The most plausible mechanism for associations, specifically for body weight and adiposity measures, is that phthalates interfere with peroxisome-proliferator activated receptors, which are involved in the metabolism of fat, carbohydrates, and protein.⁹ Generally speaking, phthalates may bind to these receptors, altering metabolic processes and stimulating adipogenesis and the accumulation of adipose tissue.⁹ Some phthalates also have anti-androgenic properties and are associated with lower testosterone levels and a higher estrogen/androgen ratio,¹³ which may explain some of the sex differences reported previously. Lastly, phthalates have disruptive effects on thyroid function⁸ and insulin-like growth factor-1 (IGF-1).^16,16 Negative associations of phthalates with thyroid hormone, IGF-1, and height in children have been reported.¹⁶ In the current study, a negative association between high molecular weight phthalates and height was observed only among girls who were normal weight at baseline. Obese children have higher levels of IGF-1 and accelerated height velocity during the pre-pubertal years compared to normal weight children;³¹ therefore, it is possible that the negative association between high molecular weight phthalates and height is blunted in obese children.
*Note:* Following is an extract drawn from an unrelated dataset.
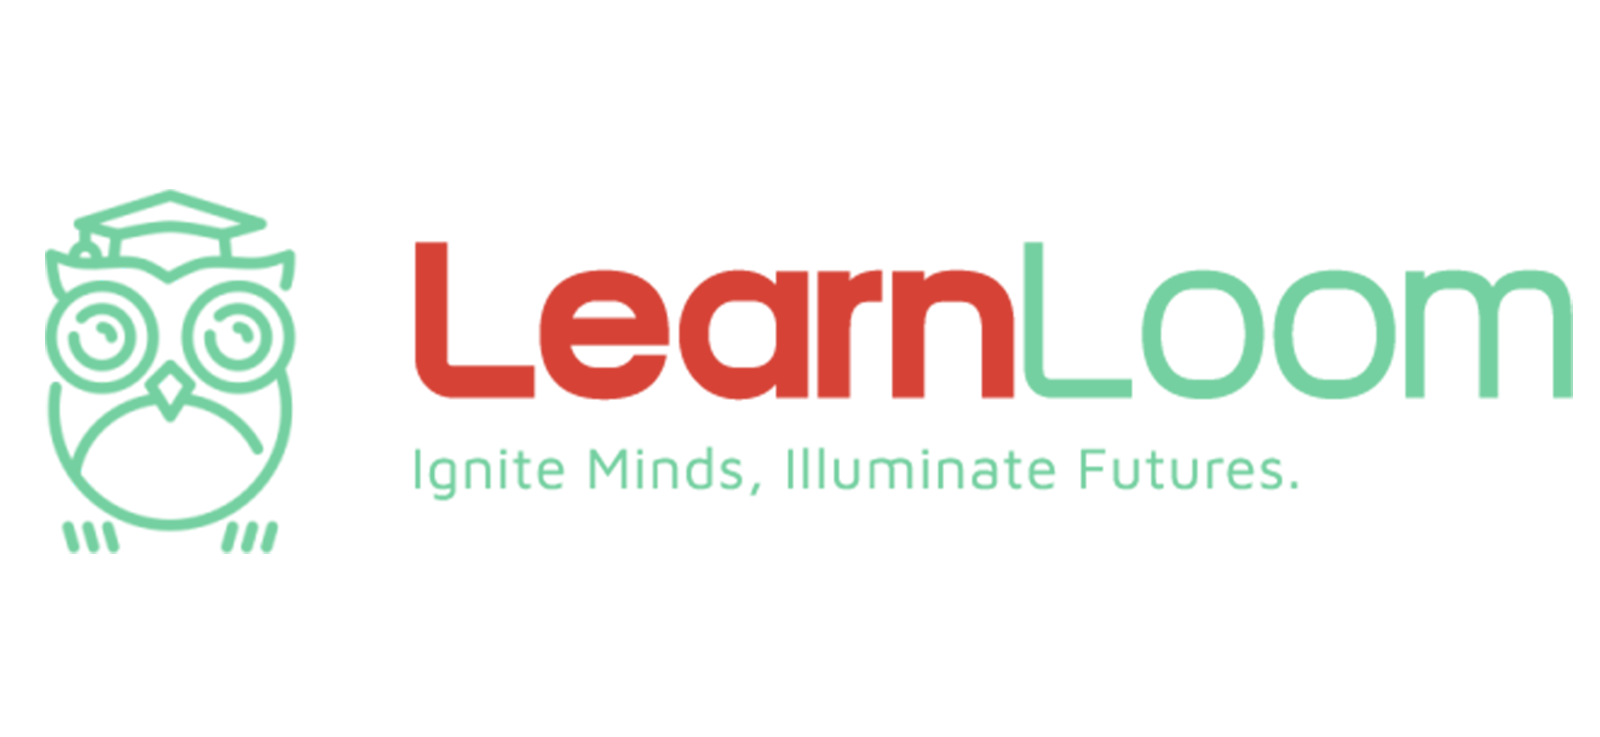 LearnLoom

In the review by Goodman et al.,² common limitations in the literature that may explain inconsistencies in findings were discussed. A main limitation is that the majority of studies were based on cross-sectional data using one-time urine measurements as proxies for long-term phthalate exposure. In the current study, we were able to address temporality by using early childhood phthalate concentrations and subsequently collected annual measurements of weight, height, and waist circumference through early adolescence. BMI and waist circumference are good predictors of subcutaneous and visceral fat, respectively,³² as well as metabolic-related adverse health outcomes.³³ Waist circumference, in particular, is associated with insulin resistance, hypertension, and cardiovascular disease risk factors in children.^33,34 Similar to previous studies, we were limited to one-time urine measurements for estimation of exposure to phthalates, which are short-lived chemicals in the body and possibly episodic in nature. However, they have shown acceptable intra-individual variability over more than a year and are likely to be reasonably stable over time for the purposes of ranking.^35,36 It is not clear if and how exposure misclassification would bias the observed results, especially if the associations between phthalate exposures and childhood growth vary with age. If exposure to phthalates increases throughout childhood/adolescence and the associations are assumed to be consistent throughout this growth period, then the observed associations reported here may be attenuated. Other limitations are related to differences in study populations and phthalate exposure assessment. In the current study, the sample was multi-ethnic but limited to girls, so we were unable to examine any potential interactions by sex.

Conclusions

Urinary concentrations of phthalate metabolites in girls were associated with body size measurements from ages 7–13 years. Low molecular weight phthalate concentrations were positively associated with BMI and waist circumference in all girls, while high molecular weight phthalate concentrations were negatively associated with height among normal weight girls. These results suggest that phthalates may have small but detectable associations with girls’ anthropometric outcomes. Low molecular weight phthalates are of particular interest as potential environmental obesogens. Additional longitudinal studies with multiple repeated phthalate measurements throughout childhood and adolescence and diverse study populations are necessary to confirm these findings.

Supplementary Material

Supplemental Digital Content

NIHMS866942-supplement-Supplemental_Digital_Content.pdf^{(97.2KB, pdf)}

Acknowledgments

We gratefully acknowledge our collaborators at the centers involved in this research including Jessica Montana, Nancy Mervish, Cheryl Stein, Rochelle Osborne, Lisa Boguski, Joel Forman, and Barbara Brenner (MSSM); Gayle Greenberg, Peggy Monroe, Bob Bornschein (Cincinnati); Robert Hiatt, Louise Greenspan, Julie Deardorff, Janice Barlow (Kaiser Permanente). We also thank Ella Samandar, James Preau and Tao (Lily) Jia for measurement of the phthalate metabolites. The findings and conclusions in this report are those of the authors and do not necessarily represent the official position of the Centers for Disease Control and Prevention.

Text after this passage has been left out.